714. Best Time to Buy and Sell Stock with Transaction Fee
1. Description
You are given an array prices where prices[i] is the price of a given stock on the $i^{th}$ day, and an integer fee representing a transaction fee.
Find the maximum profit you can achieve.

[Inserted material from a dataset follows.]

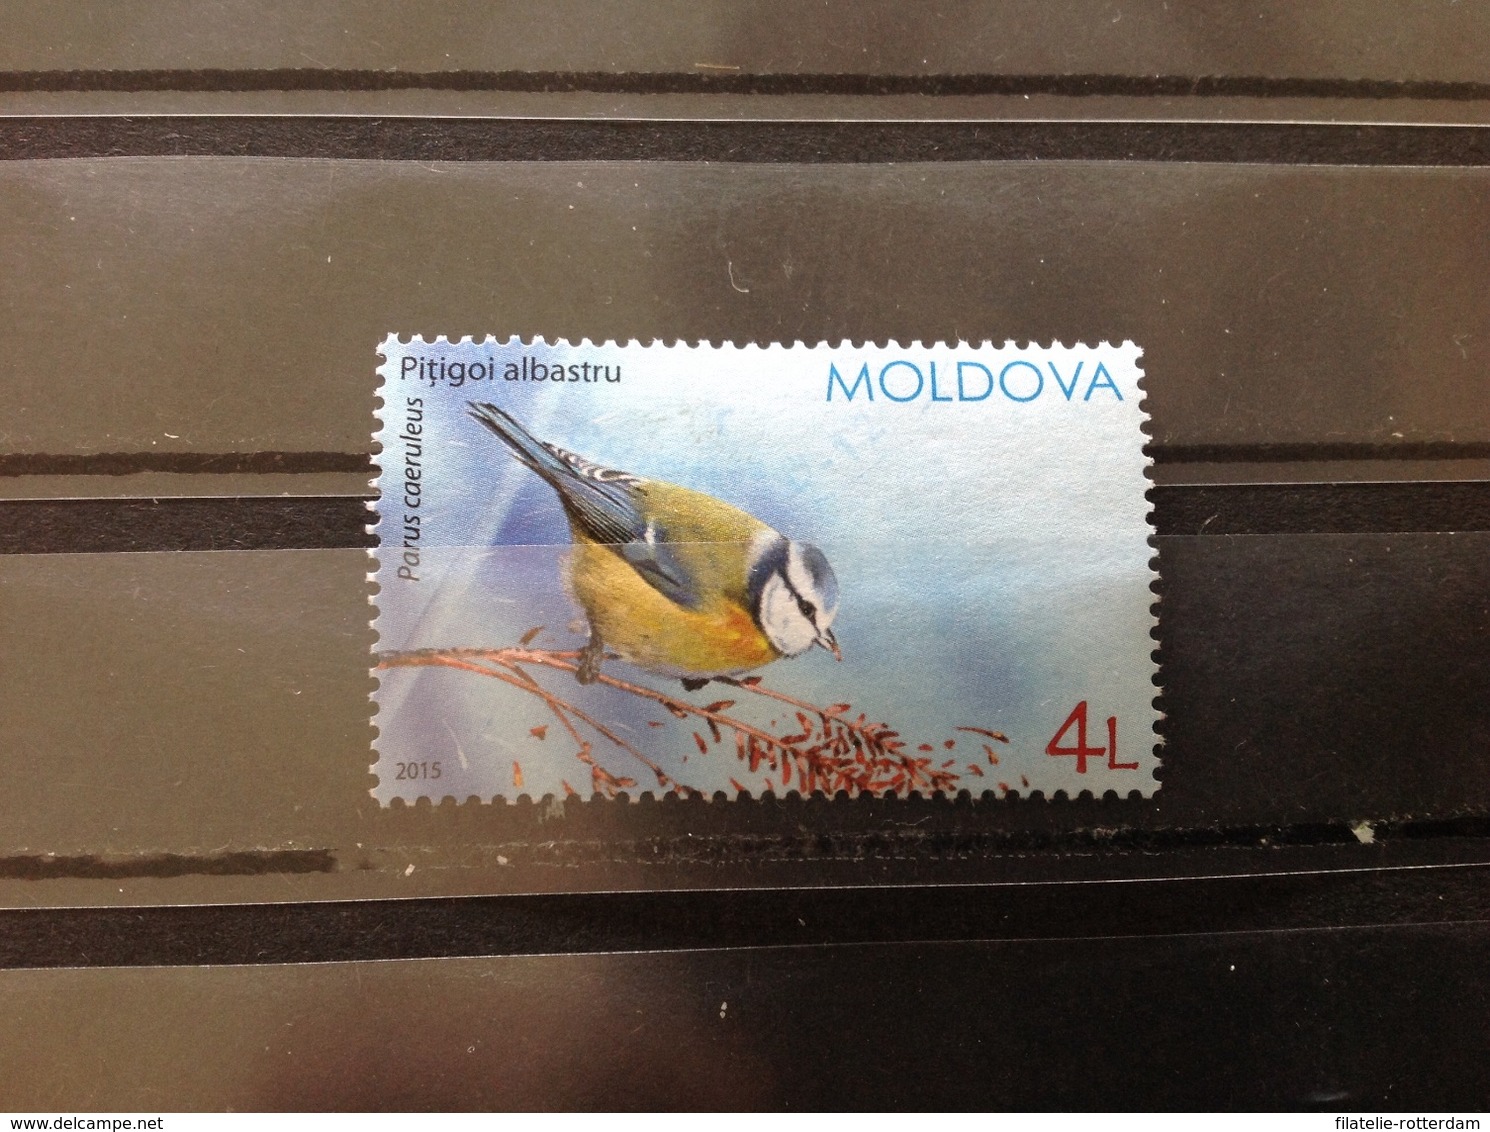 Moldavië / Moldova - Vogels (4) 2015 - Moldavië
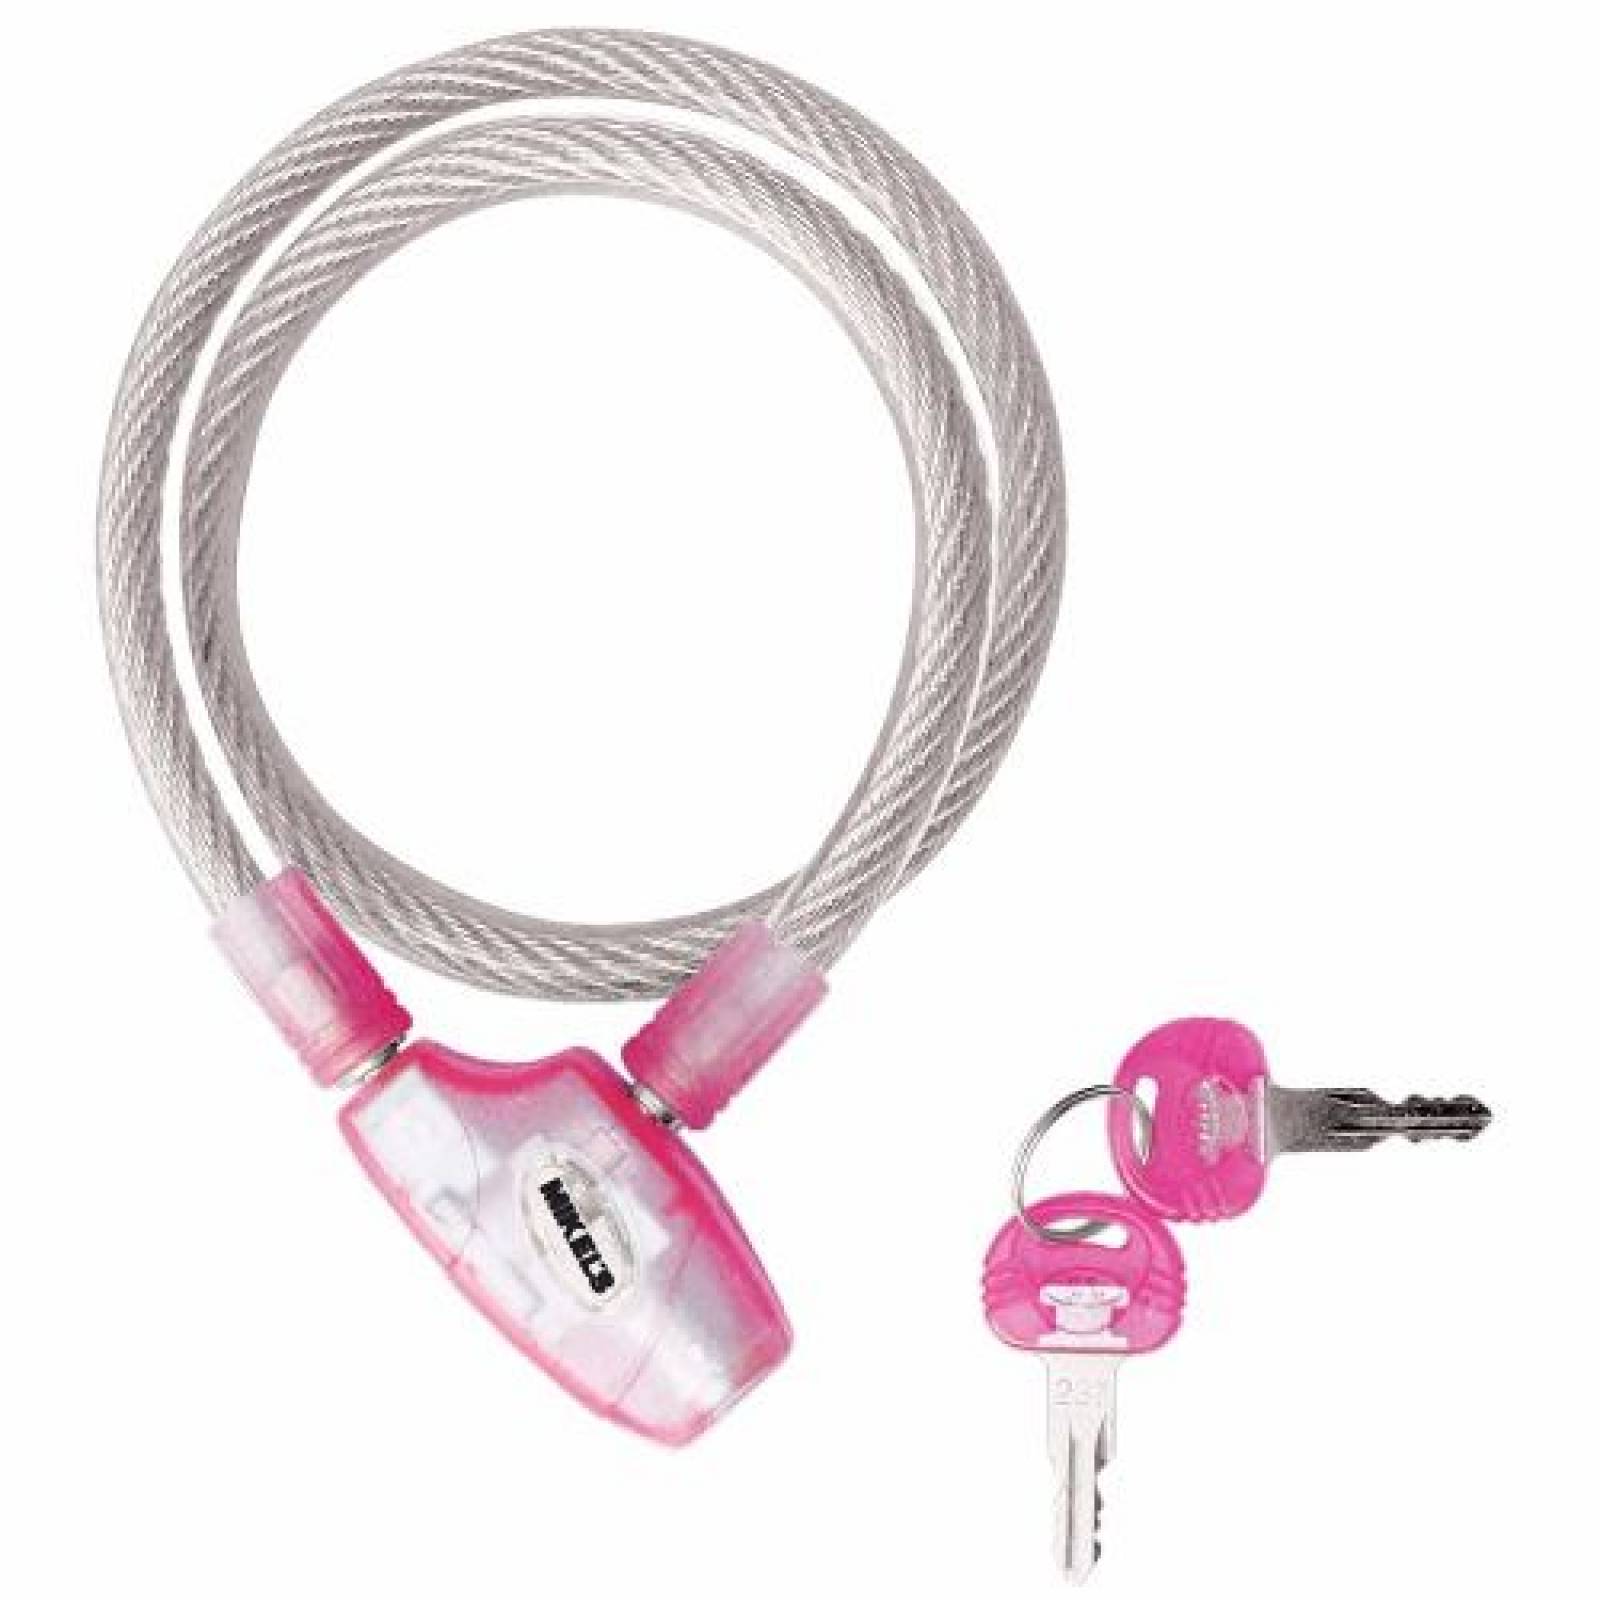 Cable Candado De Seguridad Mikels Color Rosa 65 Cm Plastica

You may complete as many transactions as you like, but you need to pay the transaction fee for each transaction.
Note:
- You may not engage in multiple transactions simultaneously (i.e., you must sell the stock before you buy again).
- The transaction fee is only charged once for each stock purchase and sale.
2. Example
Example 1
Input: prices = [1,3,2,8,4,9], fee = 2
Output: 8
Explanation: The maximum profit can be achieved by:
- Buying at prices[0] = 1
- Selling at prices[3] = 8
- Buying at prices[4] = 4
- Selling at prices[5] = 9
The total profit is ((8 - 1) - 2) + ((9 - 4) - 2) = 8.
Example 2
Input: prices = [1,3,7,5,10,3], fee = 3
Output: 6
3. Constraints
- 1 <= prices.length <= 5 * $10^4$
- 1 <= prices[i] < 5 * $10^4$
- 0 <= fee < 5 * $10^4$
4. Solutions
Dynamic Programming
n = prices.size()
Time complexity: O(n)
Space complexity: O(1)
// Let dp[i][1] be the maximum profit on day i when holding one stock
// Let dp[i][0] be the maximum profit on day i when holding no stock
//
// State transitions:
// dp[i][1] = max(dp[i-1][1], dp[i-1][0] - prices[i] - fee)
// (keep holding, or buy today with transaction fee)
// dp[i][0] = max(dp[i-1][0], dp[i-1][1] + prices[i])
// (keep not holding, or sell today)
//
// Since dp[i] only depends on dp[i-1], we compress the DP states
// into constant space using two variables for each state.
class Solution {
public:
int maxProfit(const vector<int> &prices, const int fee) {
int a1 = -prices[0] - fee, b1 = 0, a2 = 0, b2 = 0;
const int n = prices.size();
for (int i = 1; i < n; ++i) {
a2 = max(a1, b1 - prices[i] - fee);
b2 = max(b1, a1 + prices[i]);
a1 = a2;
b1 = b2;
}
return max(b2, 0);
}
};